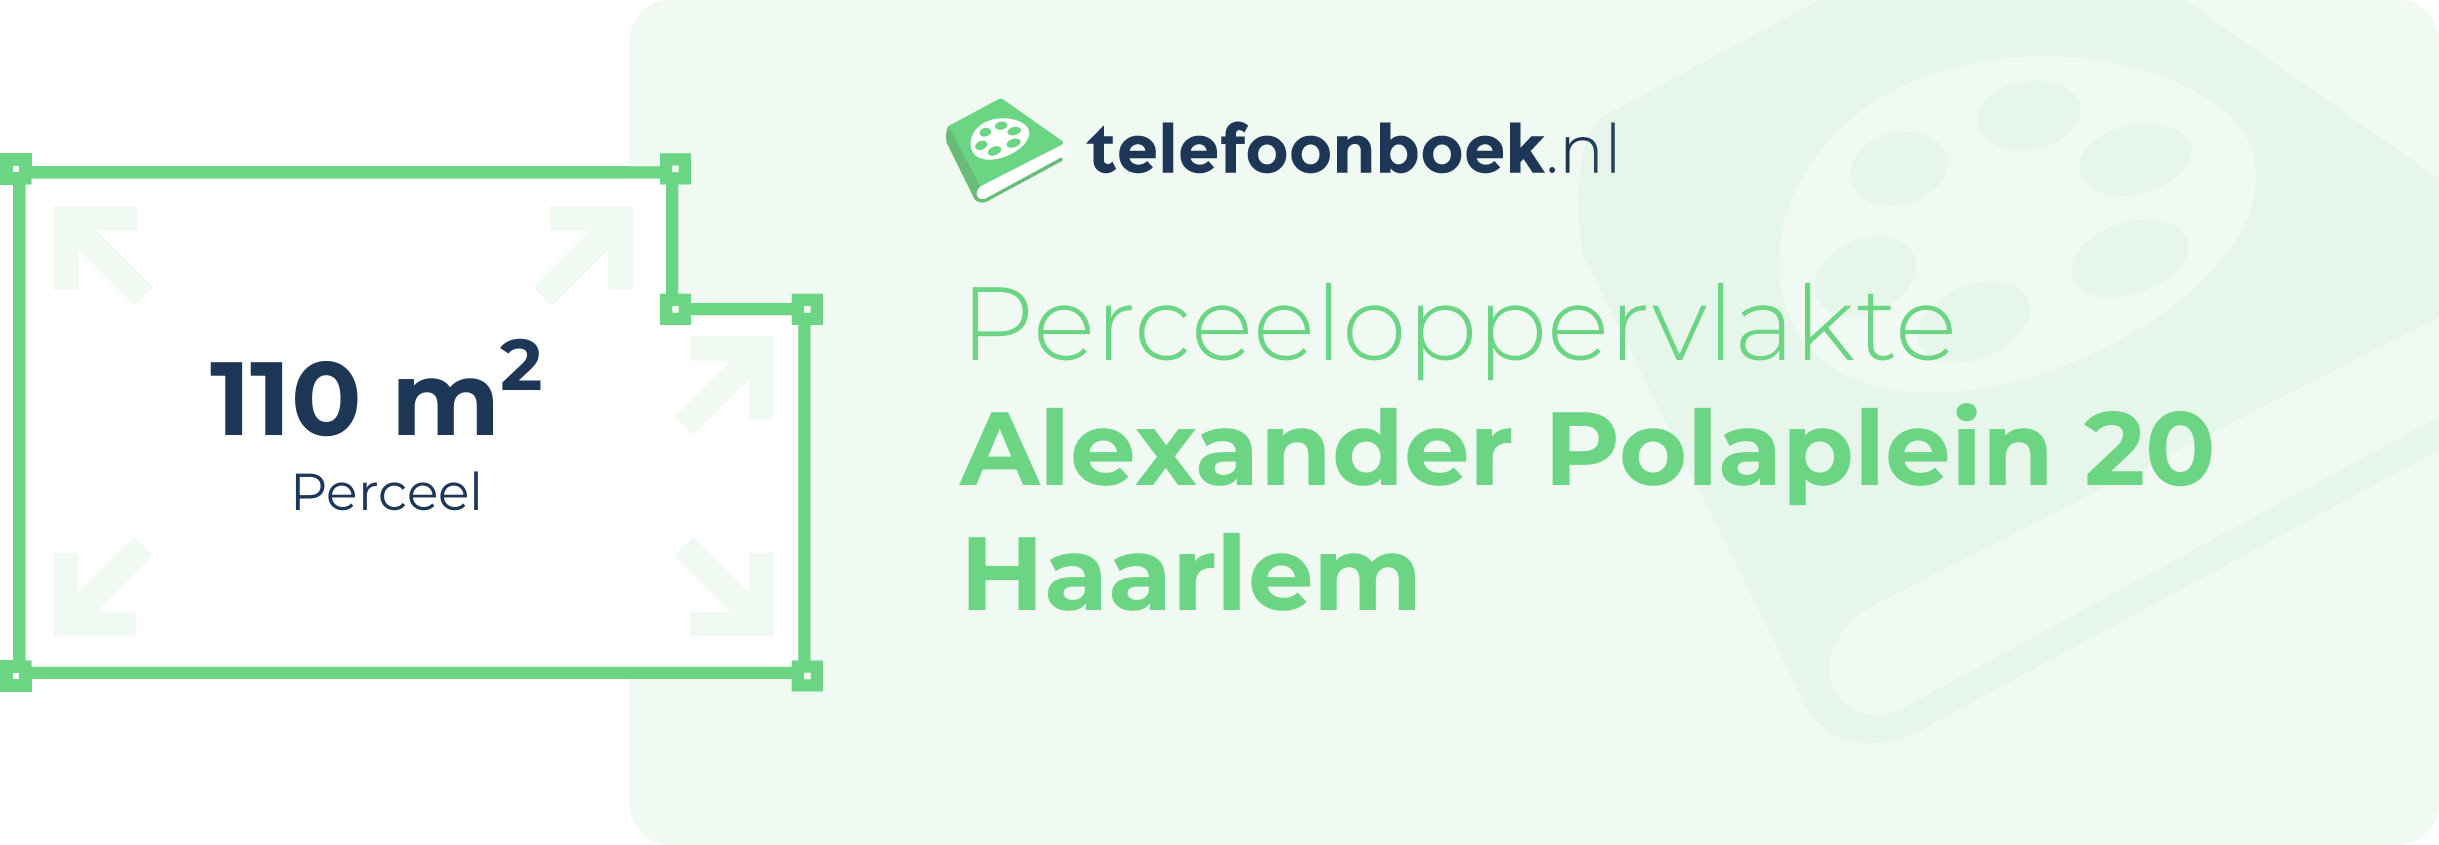 Perceeloppervlakte Alexander Polaplein 20 Haarlem
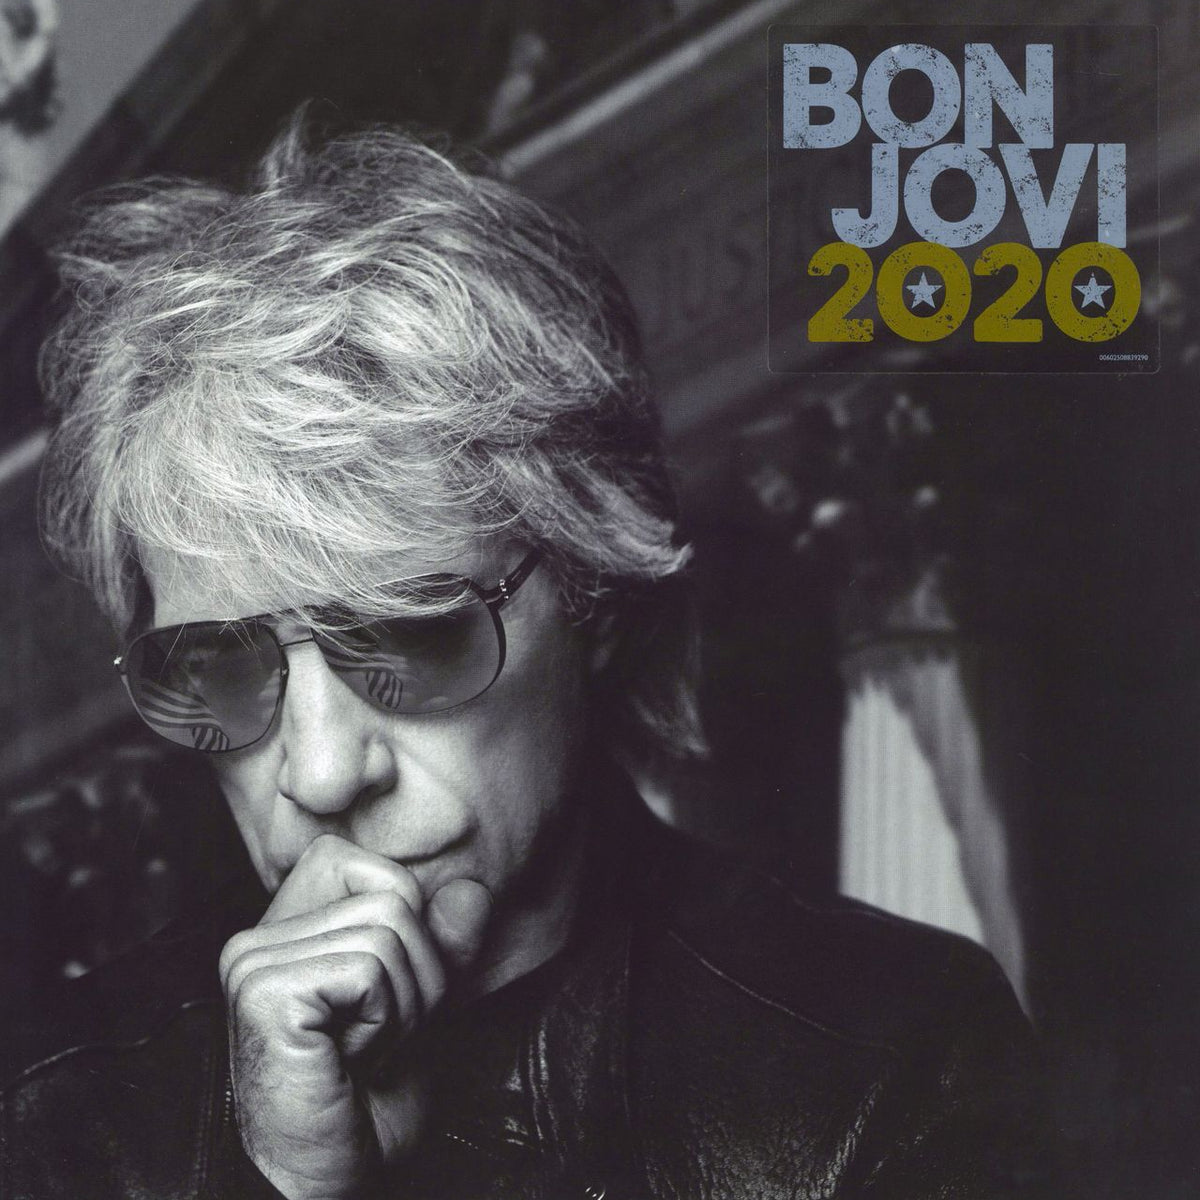 Bon Jovi Bon Jovi: 2020 - Gold Vinyl UK 2-LP vinyl set — RareVinyl 
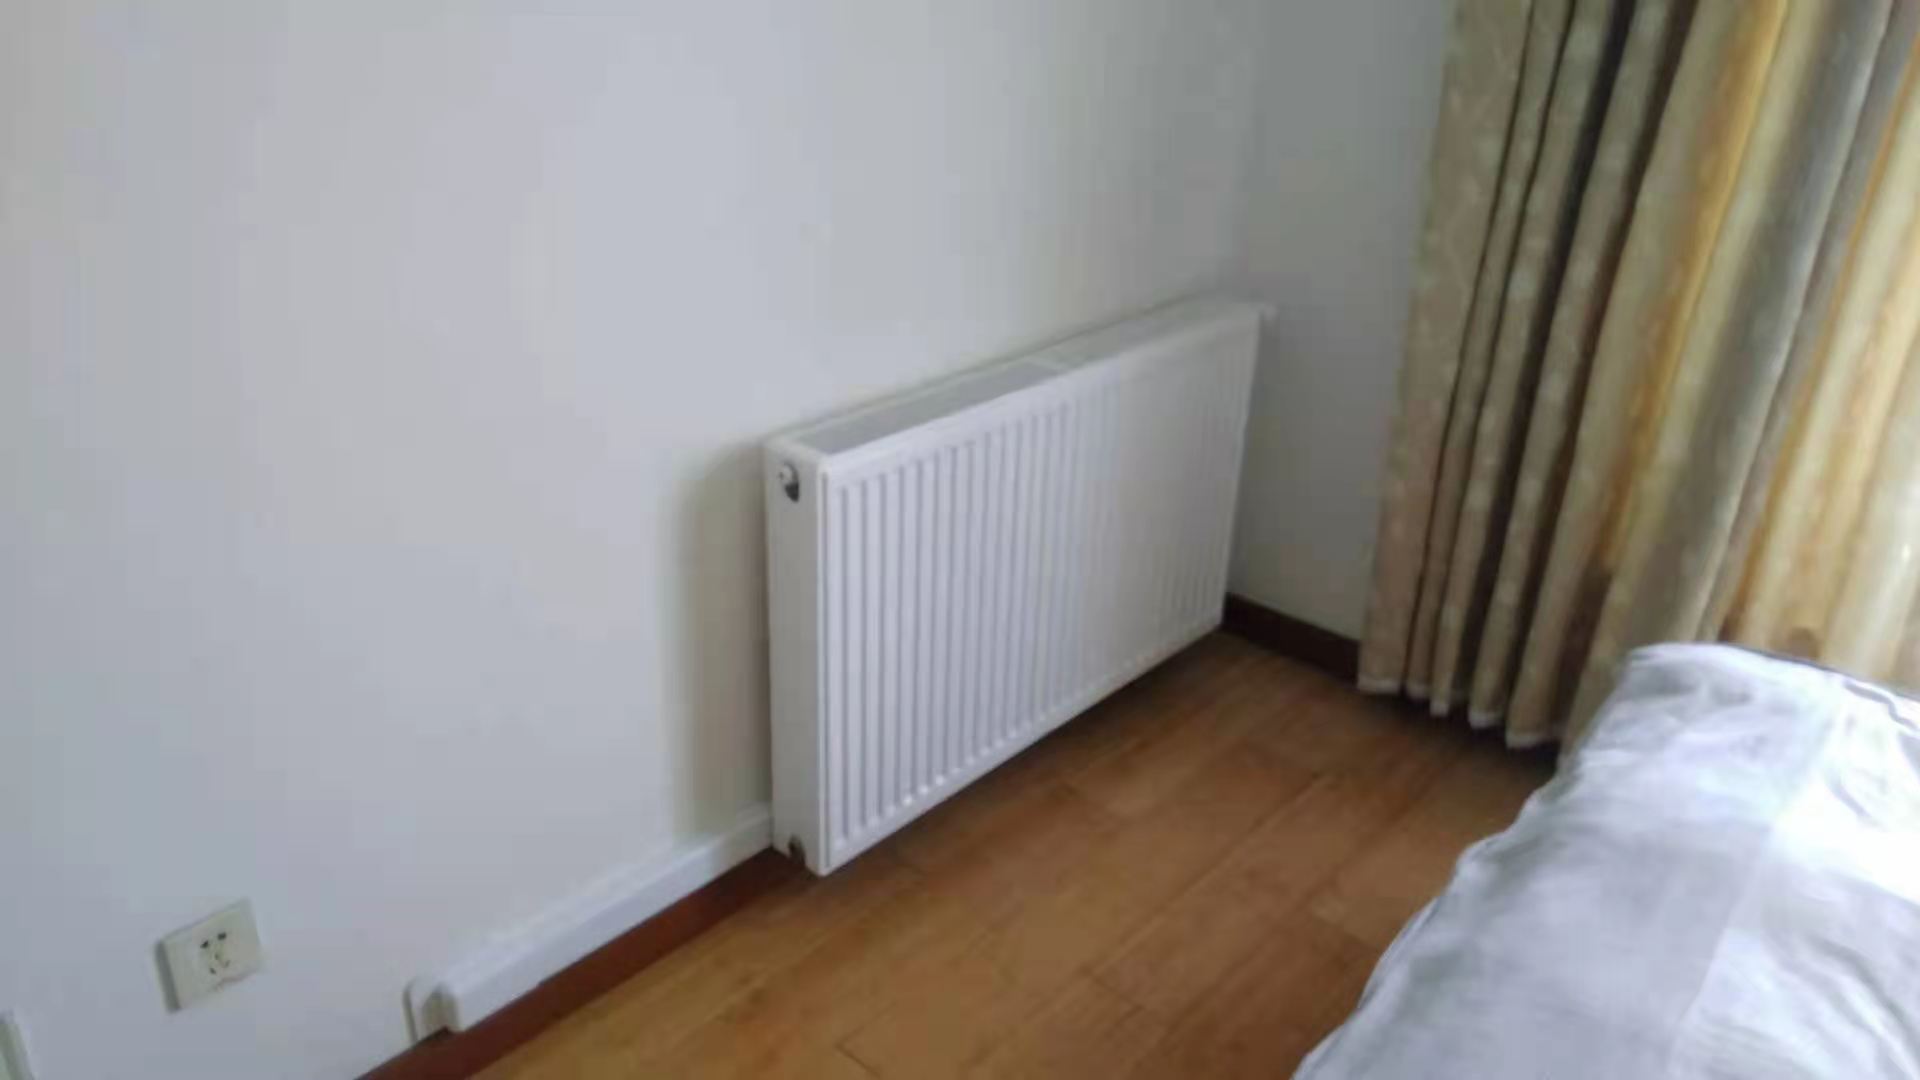 已装修好的房子如何安装暖气片

### TASK DIRECTIONS
Strip out the pictures and reproduce the remaining material above exactly.

### WRITTEN ANSWER
 Perceeloppervlakte Alexander Polaplein 20 Haarlem
 Bon Jovi Bon Jovi: 2020 - Gold Vinyl UK 2-LP vinyl set — RareVinyl 
 已装修好的房子如何安装暖气片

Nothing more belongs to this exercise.